NP: What did you most enjoy about writing this book?

DL: In order to write this book I had to read biographies of the Clintons, of Obama, of Sanders, and of Trump, and accounts of the political careers of George McGovern and George Wallace. I’ve have always loved reading autobiographies and biographies, and I found it fascinating to learn how these people from their various backgrounds became important national political figures. After all, Bill Clinton, Obama, and Sanders all came from the lower middle class, while Hillary came from the petty-bourgeoisie and Trump a third-rate bourgeois family. Yet, through a combination of their educational experiences, life experiences, and their personal ambition, they all rose to become rival powers attempting to set the agenda for the world’s largest capitalist economy.

All of them—Sanders included—are opportunists who demonstrate a remarkable ability to see and seize the main chance at a certain historic moment. Nothing is more fascinating than the role of individuals in history, in relation, of course, to social classes in struggle and to the political economy of a nation in a particular permutation. I believe that in this book I’ve been able to demonstrate just how these individuals on the merry-go-round of their lives reached out and seized the ring. And by the way, for four of them, it involved a talk with Goldman Sachs, while for Sanders it meant an ability to turn from the banks and appeal to the middle class and to working people. It was that, of course, that represented much of his appeal.

NP: Dan, you’ve written this new book about Trump and the Resistance, but for some reason it only exists in French, meaning most of our readers won’t be able to read it. How in the world did that happen?

DL: Well, a couple of years ago, during the U.S. primary election period, I did a speaking tour in several countries in Europe and Latin America talking mostly about the Bernie Sanders phenomenon, the American labor and social movements, and the left. In the course of that tour, while in Paris I met Patrick Silberstein and Patrick LeTrehondat, the founders and publishers of Syllepse, a wonderful French publishing house. I discussed with them the idea of writing a book on American politics and they expressed interest. We thought then that it would be mainly about Sanders, the movements and the left.

A few months later, as you know, to the surprise of all, Donald Trump had won the Republican nomination and subsequently the U.S. presidency.
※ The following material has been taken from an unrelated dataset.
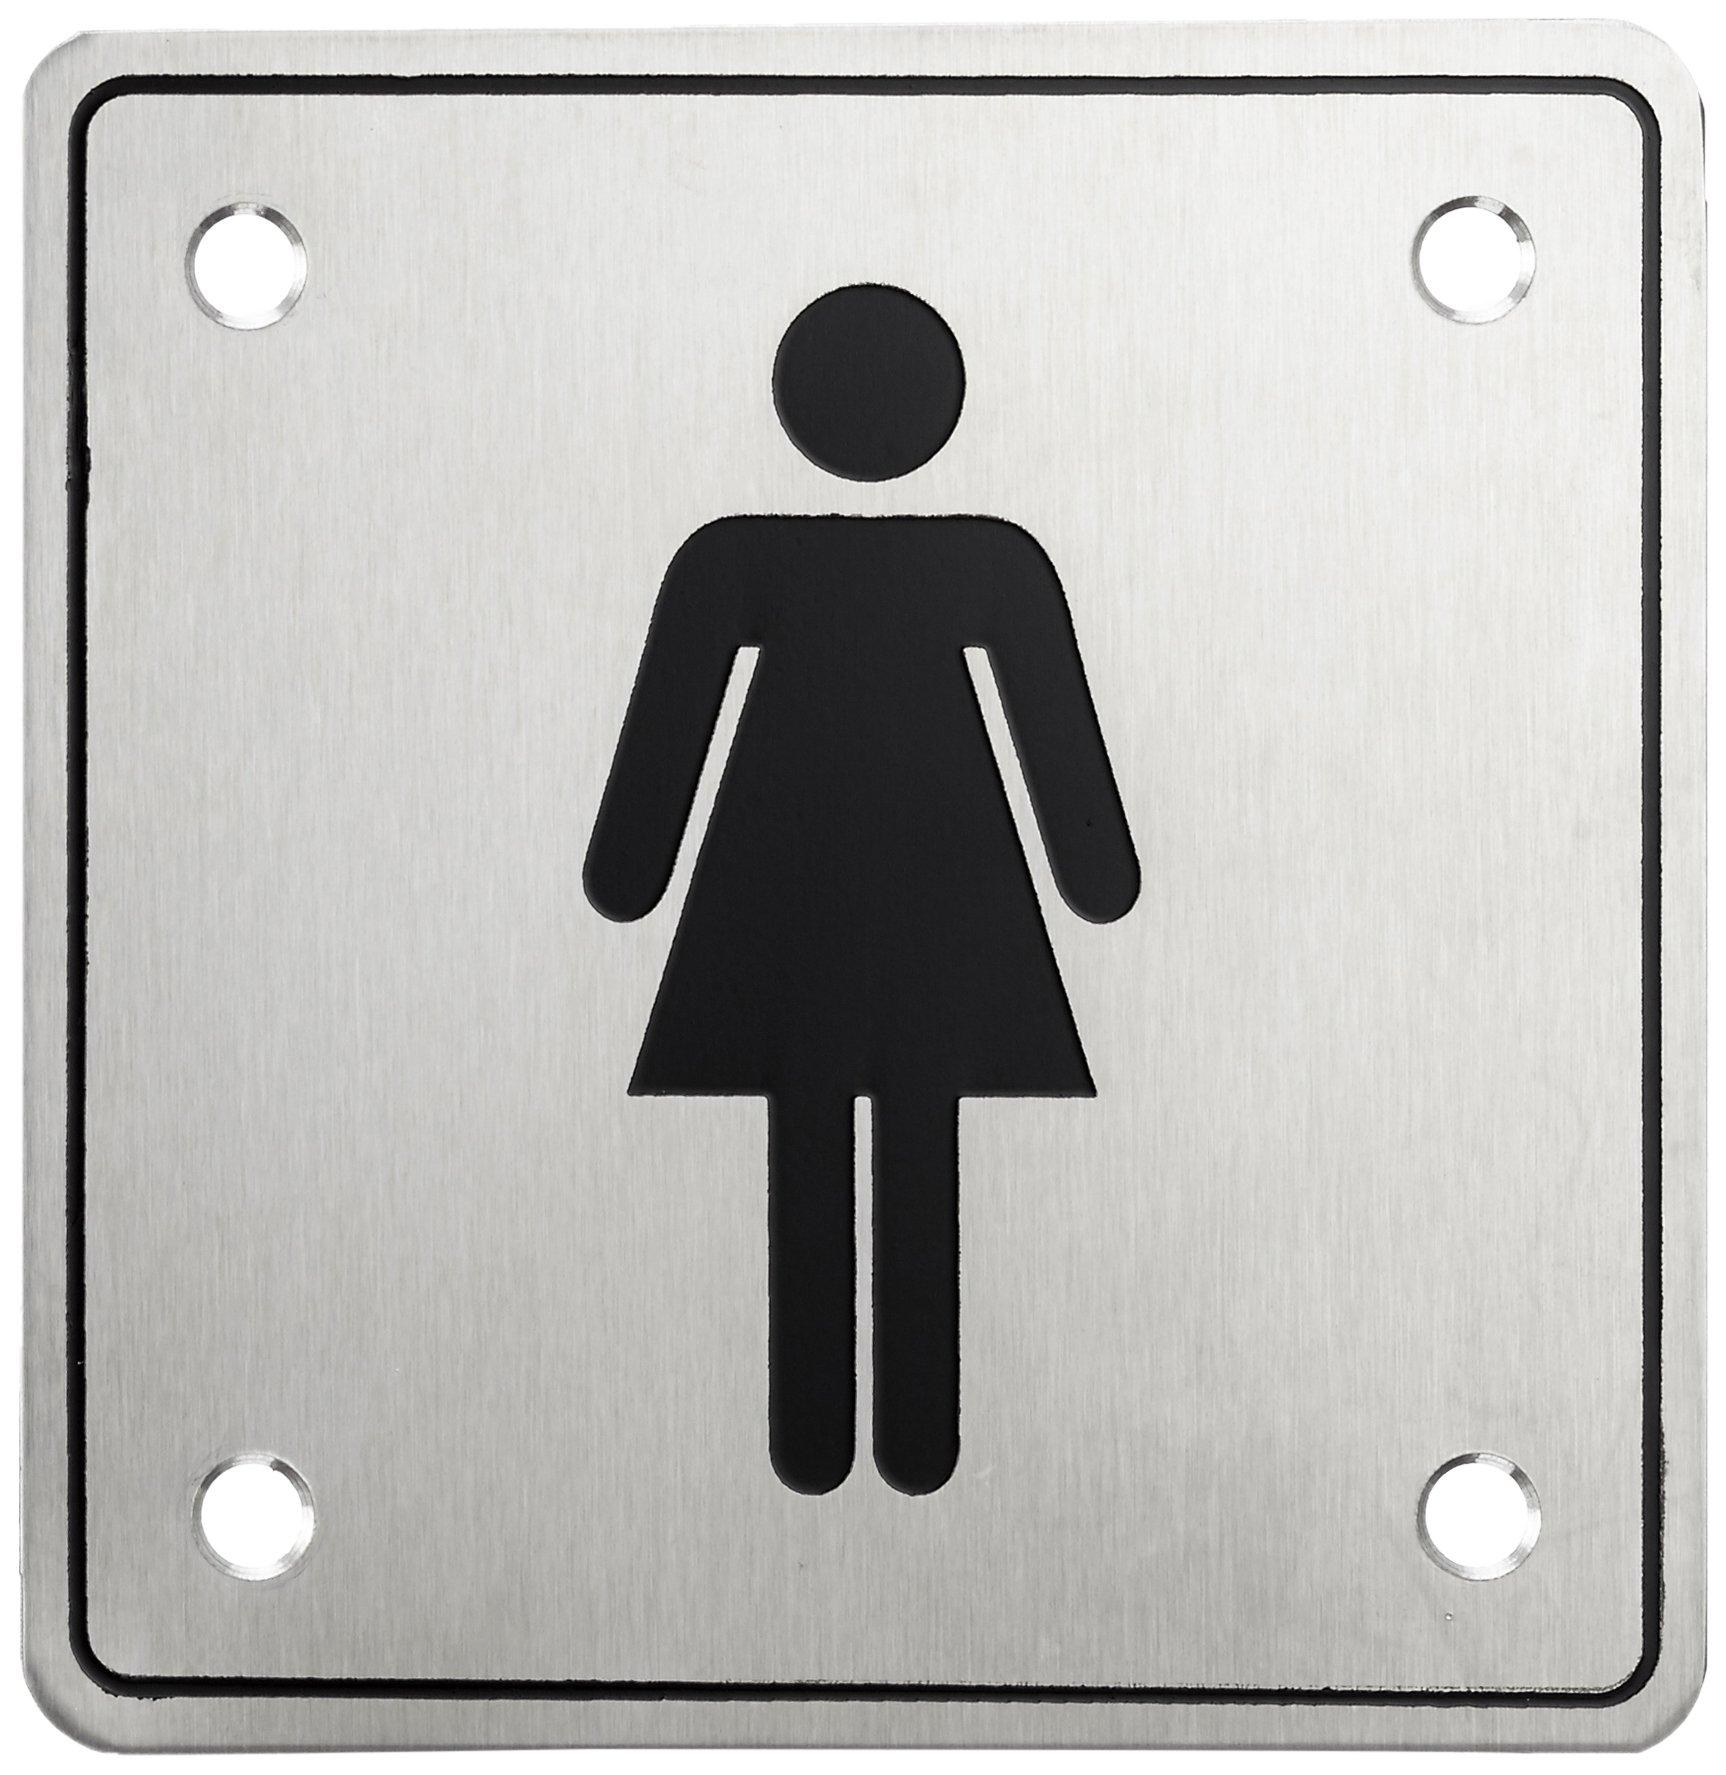 HSI 'Door Sign Women with Screw Stainless Steel 100x 100x 1(Pack of 1) 966225.0
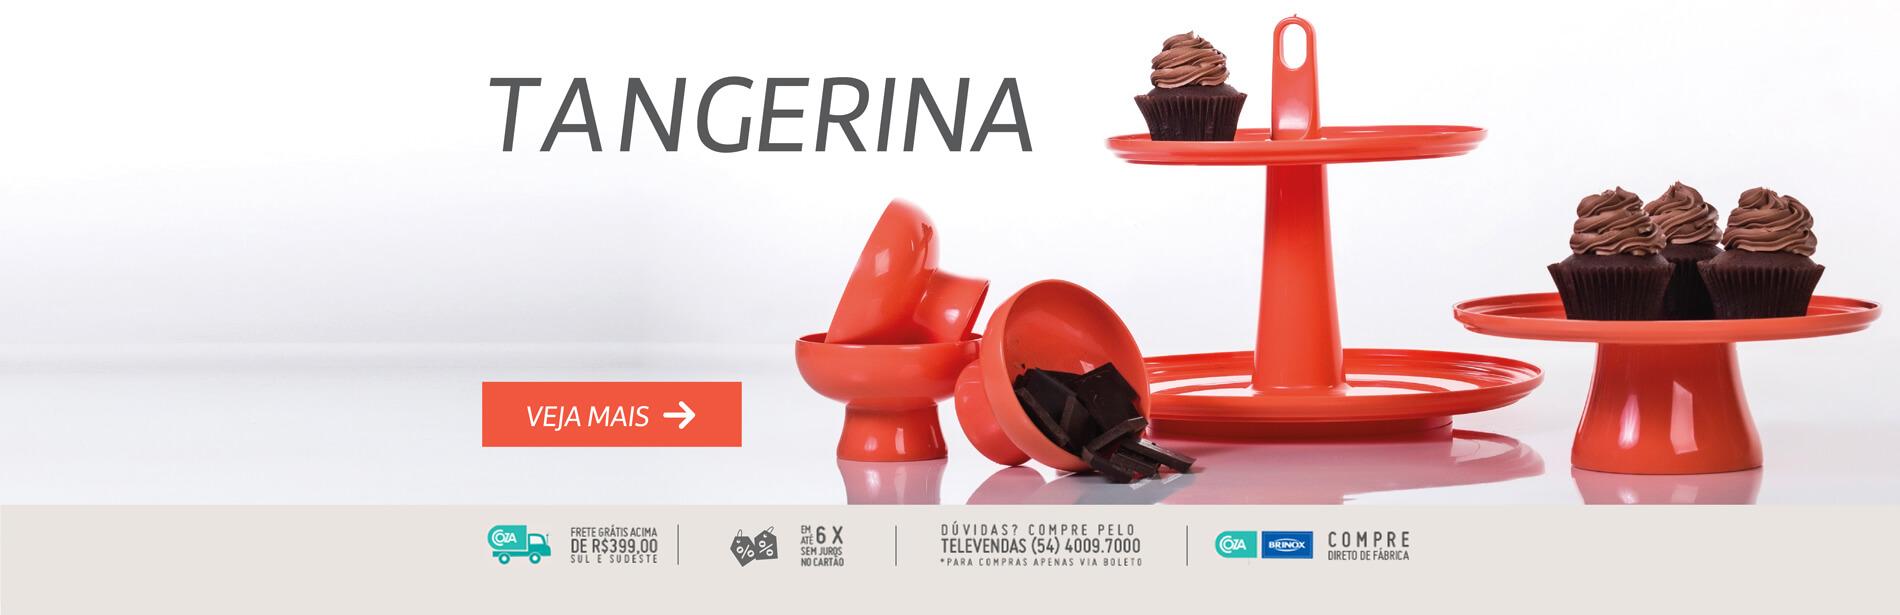 Tangerina II

So I set about writing a book about Trump and the Resistance, sending the chapters along to my friends at Syllepse who translated the book and published it this June. My book title The New American Populism: Resistance and Alternatives to Trump (Nouveau populisme américain: Résistances et alternatives à Trump) attempts to put the rise of Trump in the broader context of American history and politics.

NP: And why no English language edition?  

DL: I approached the major English language left publishing houses, but for one reason or another it didn’t work out. They found my 300-page book to be too long, or to be too historical, or to be just one of too many competing books on Trump. Some wanted a more theoretical book, or a shorter book, or a manifesto, but in truth I liked my book as it was, so it didn’t happen. I think that now, because Trump has evolved during his second year from a conservative businessman and flamboyant television star into a genuine far right politician, my book would have to be revised and update for an English language publication. So, perhaps there will be an English language edition in a year or two. And then all of our readers will be able to see what they think of my view of American politics. In the meantime, thanks for giving me this opportunity to talk about the book.